• Action item: Each line from the one with "3 Teile Glas1" through the last line of the material is to be printed exactly; no other line and no picture belongs in the copy.

• Data block:
——————————

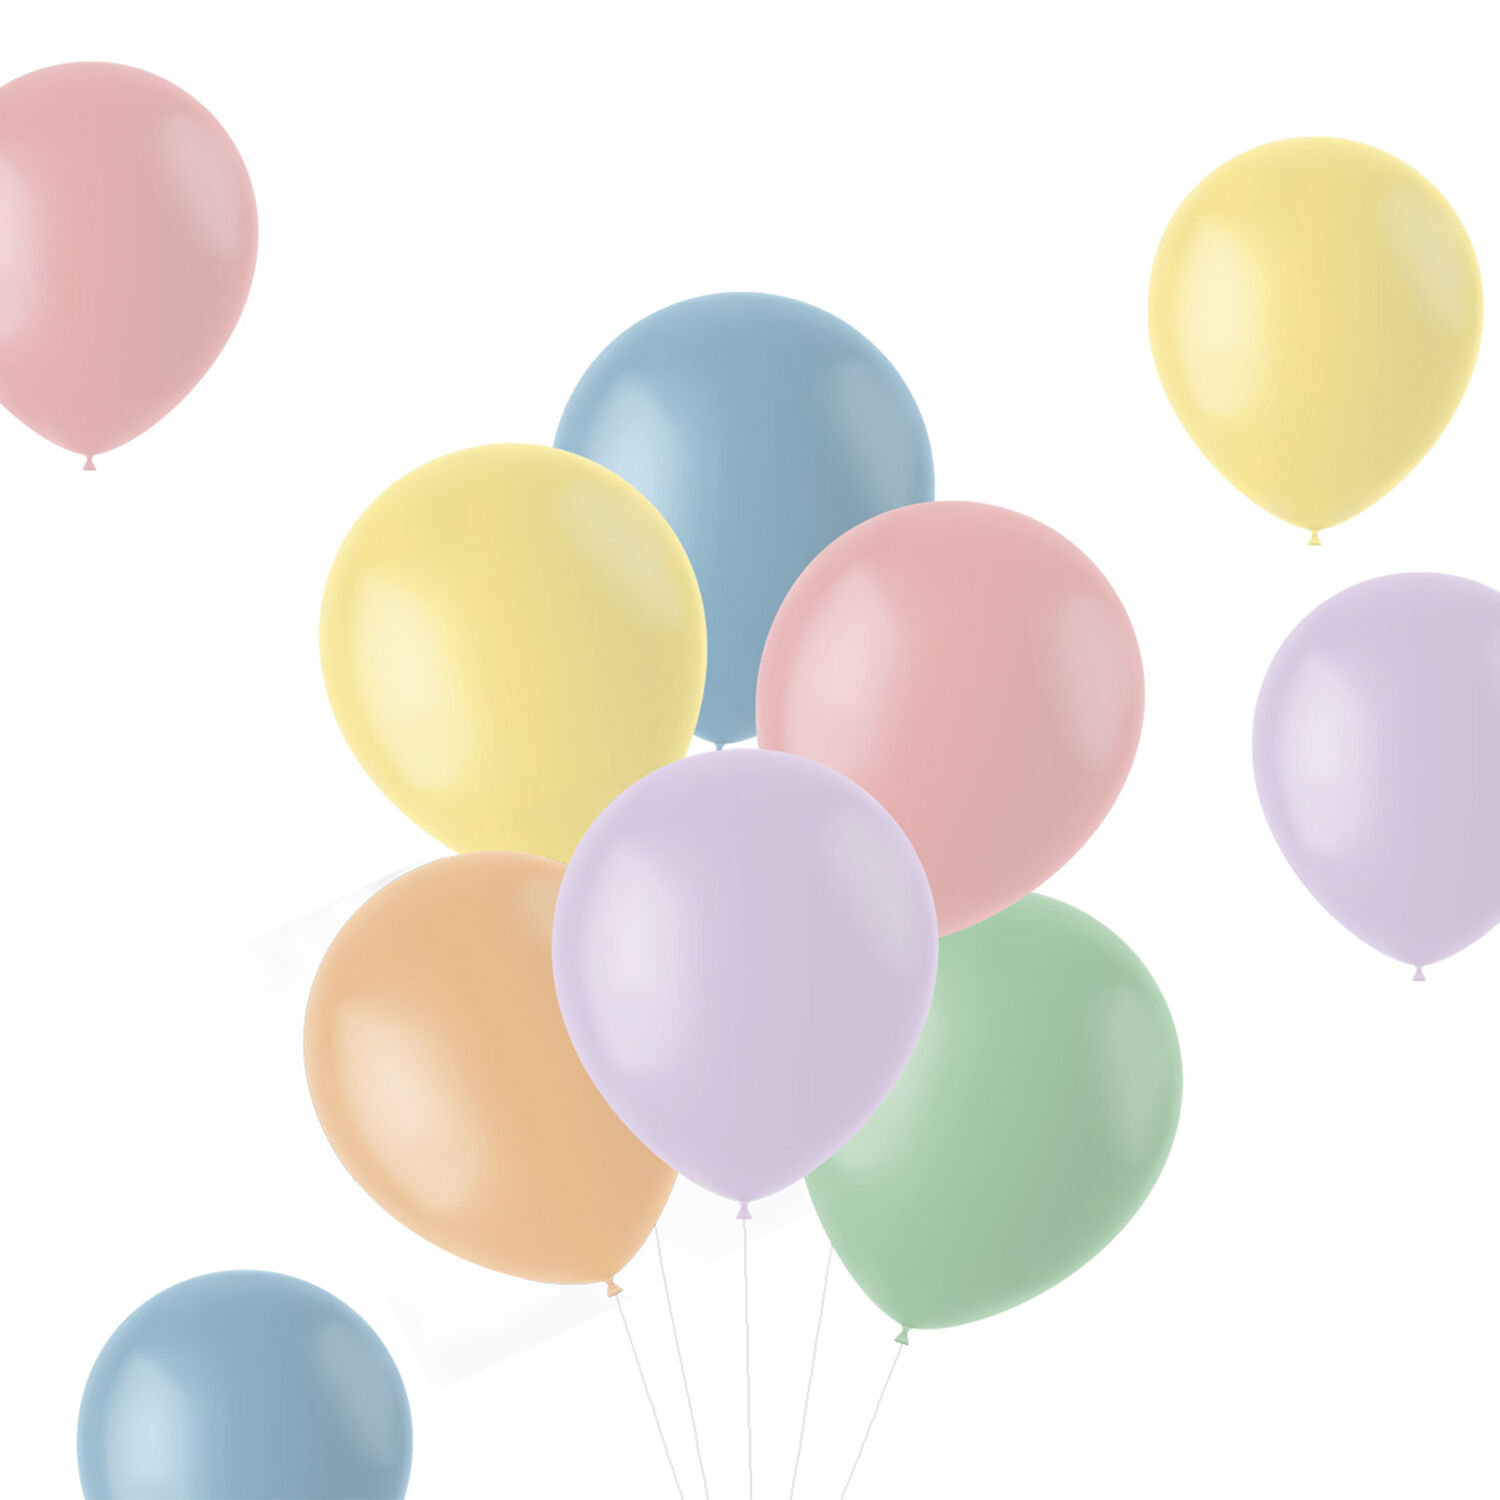 NEU Latex-Luftballons matt, 33cm, Pastelltöne bunt gemischt, 10 Stück
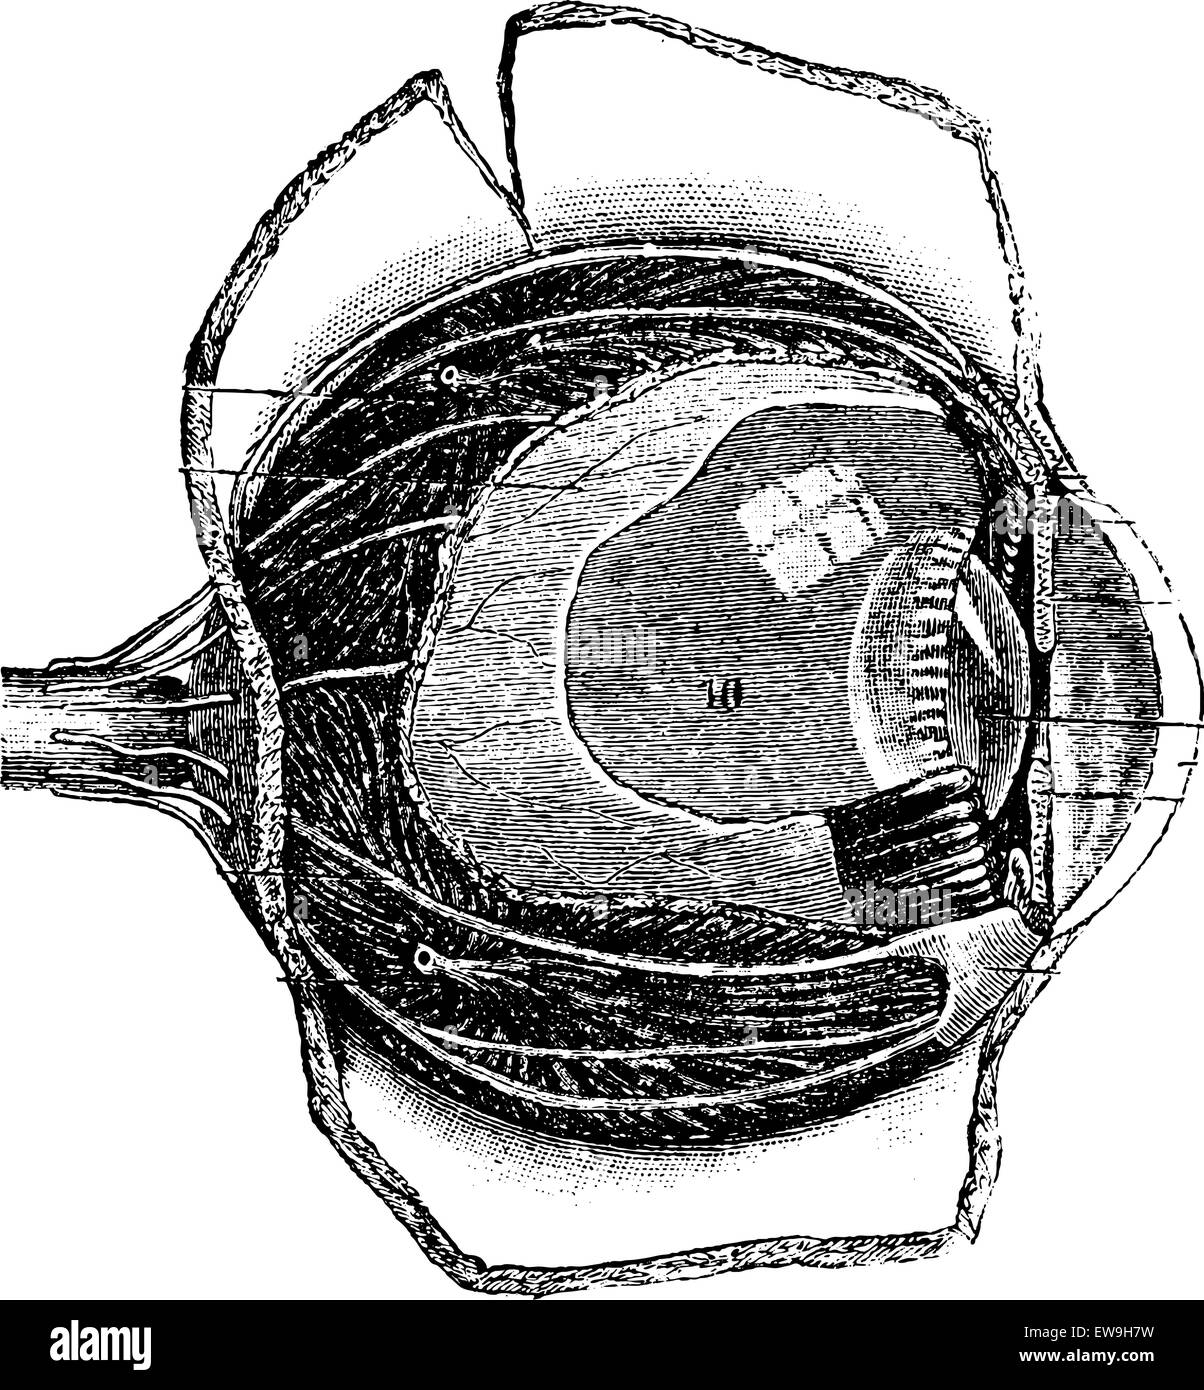 Section de la anteroposterior Œil humain, vintage engraved illustration. Dictionnaire de médecine habituelle par le Dr Labarthe - 1885 Illustration de Vecteur
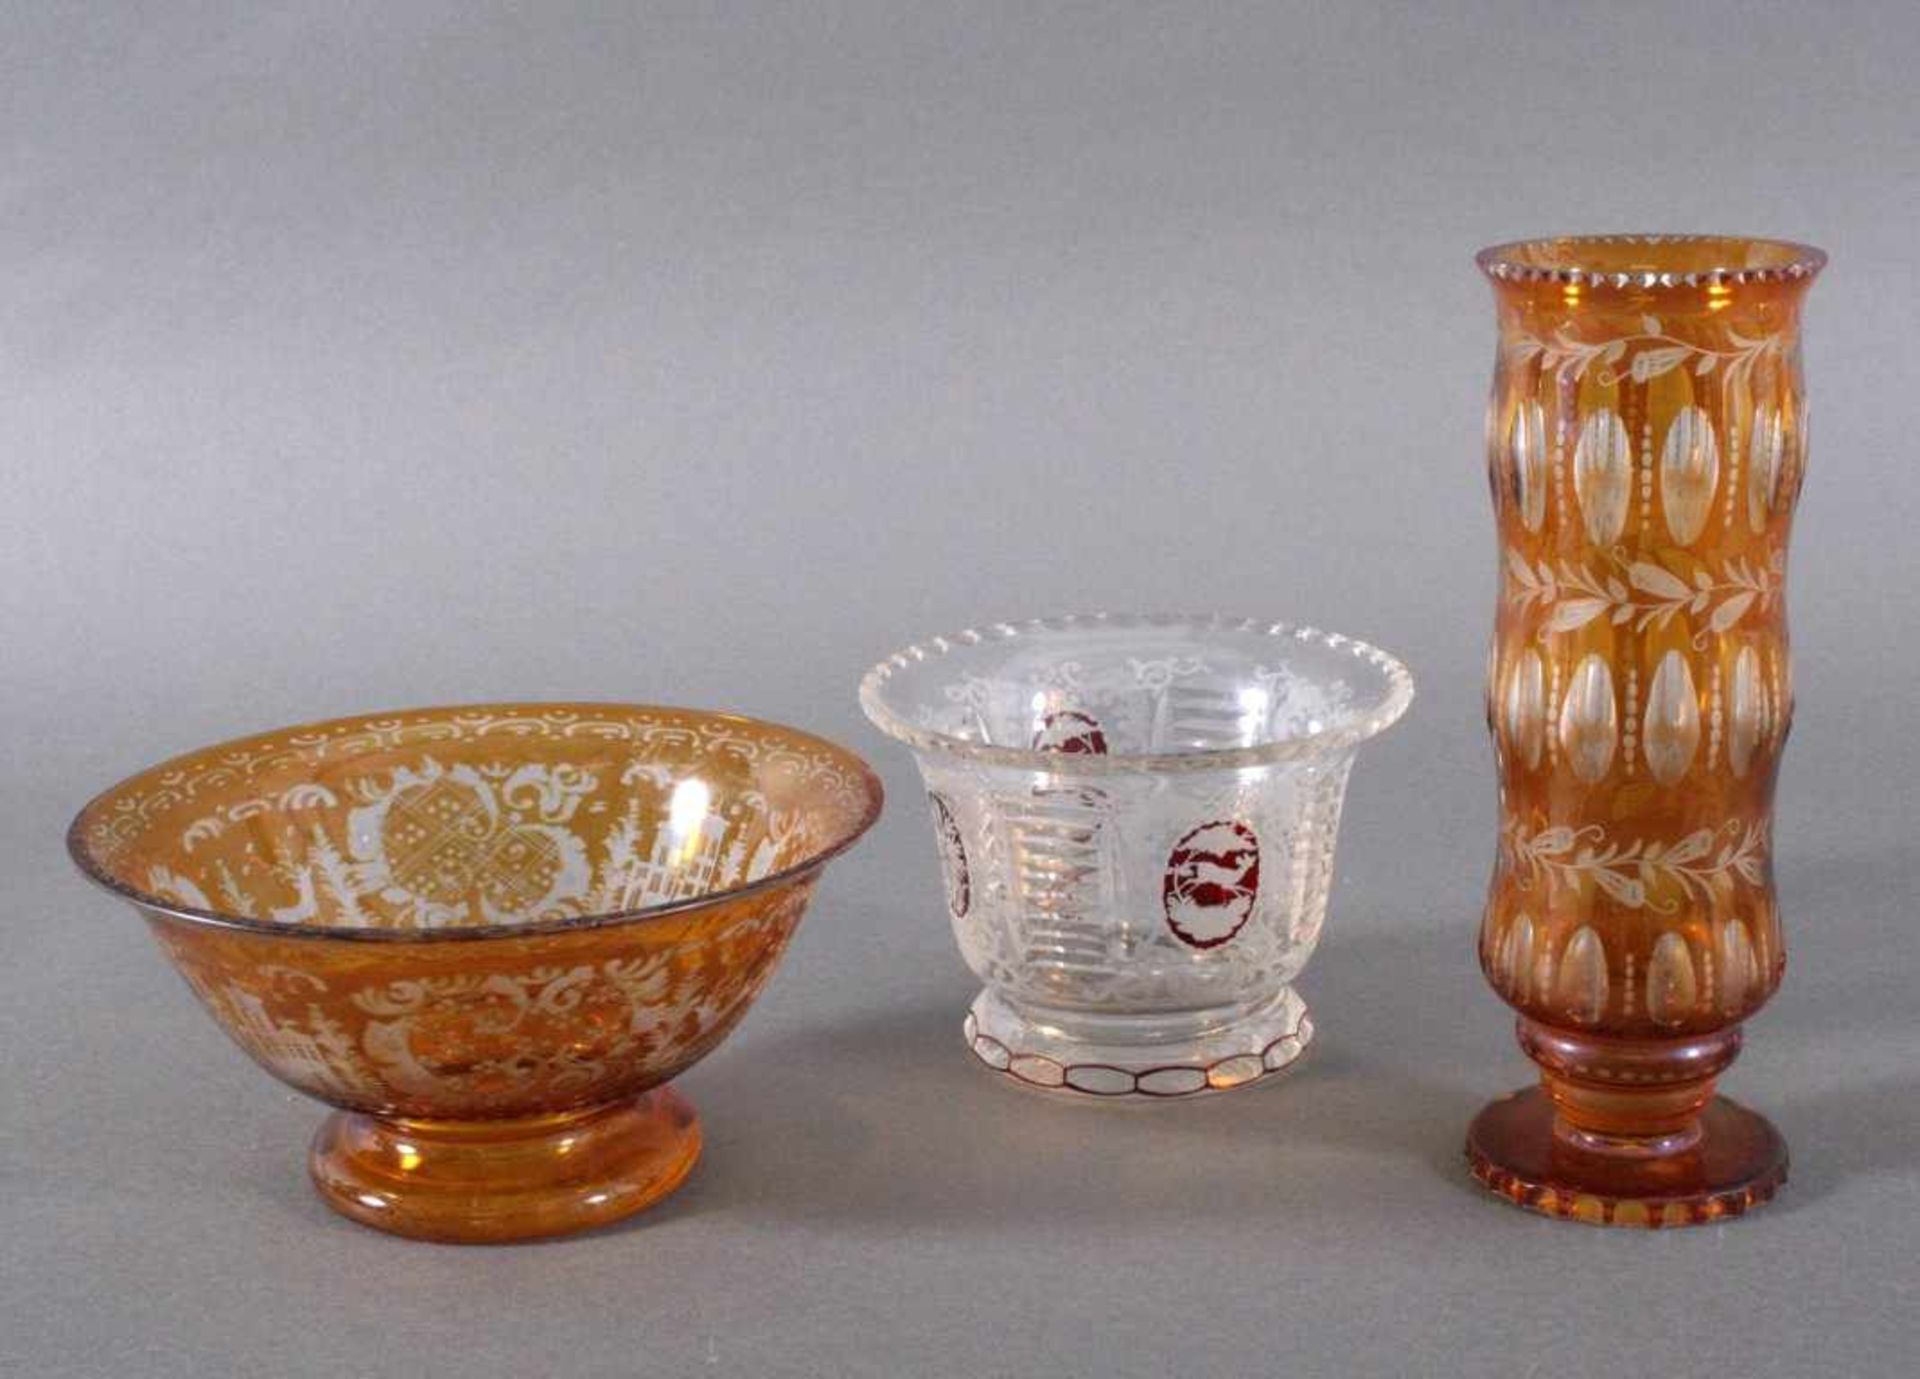 3 Teile Glas1 Anbietschale, runde Form mit umlaufender Gravur, ca. Höhe12, D. 16 cm.1 Vase und
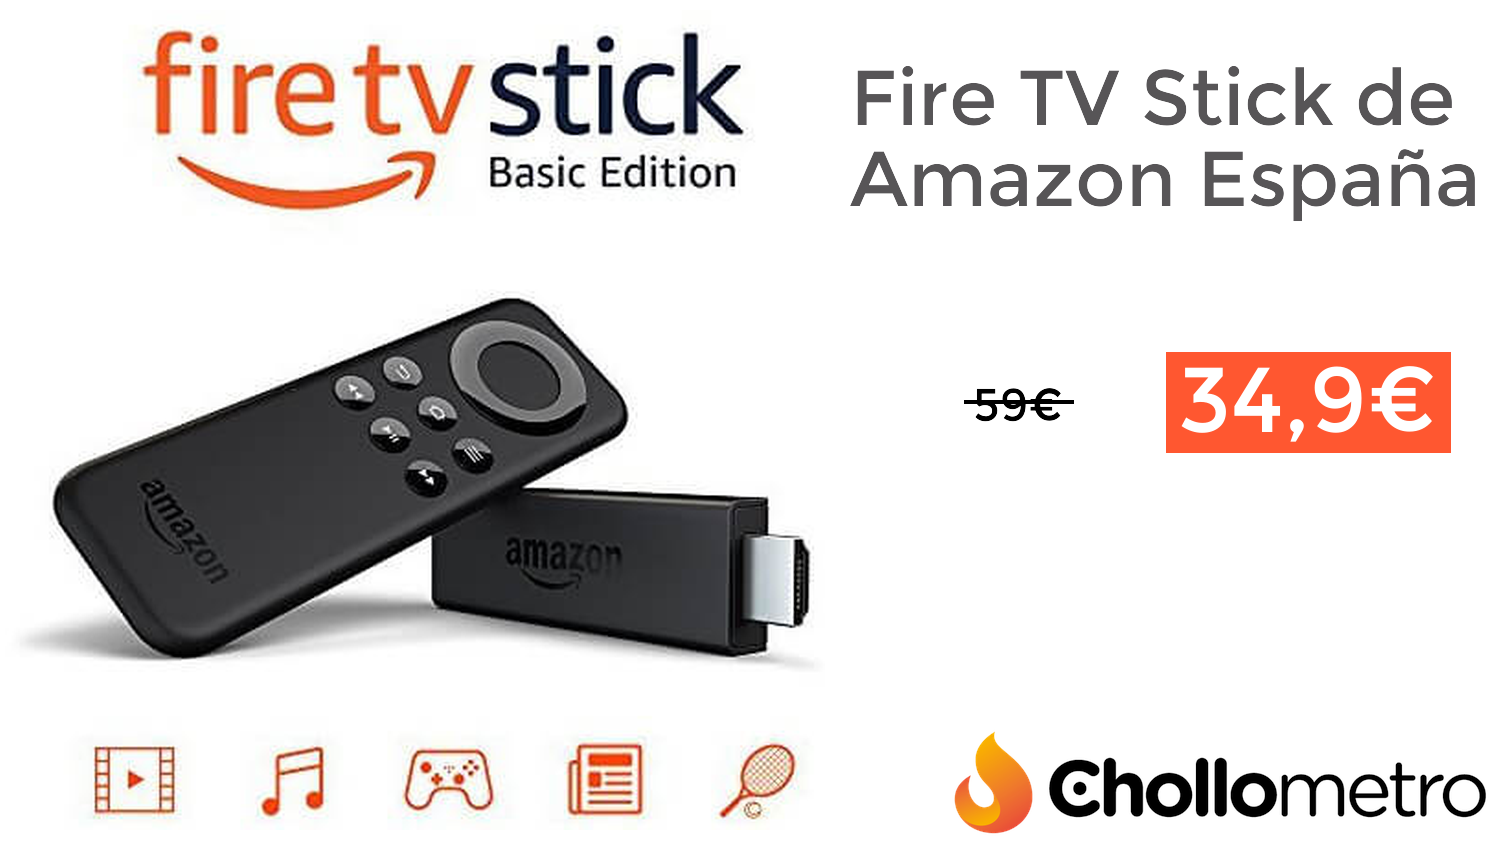 Amazon edition. TV Stick. Amazon Fire TV Stick detals. Fire TV Stick details.

——————————

• Answer to the problem:
 3 Teile Glas1 Anbietschale, runde Form mit umlaufender Gravur, ca. Höhe12, D. 16 cm.1 Vase und
 Amazon edition. TV Stick. Amazon Fire TV Stick detals. Fire TV Stick details.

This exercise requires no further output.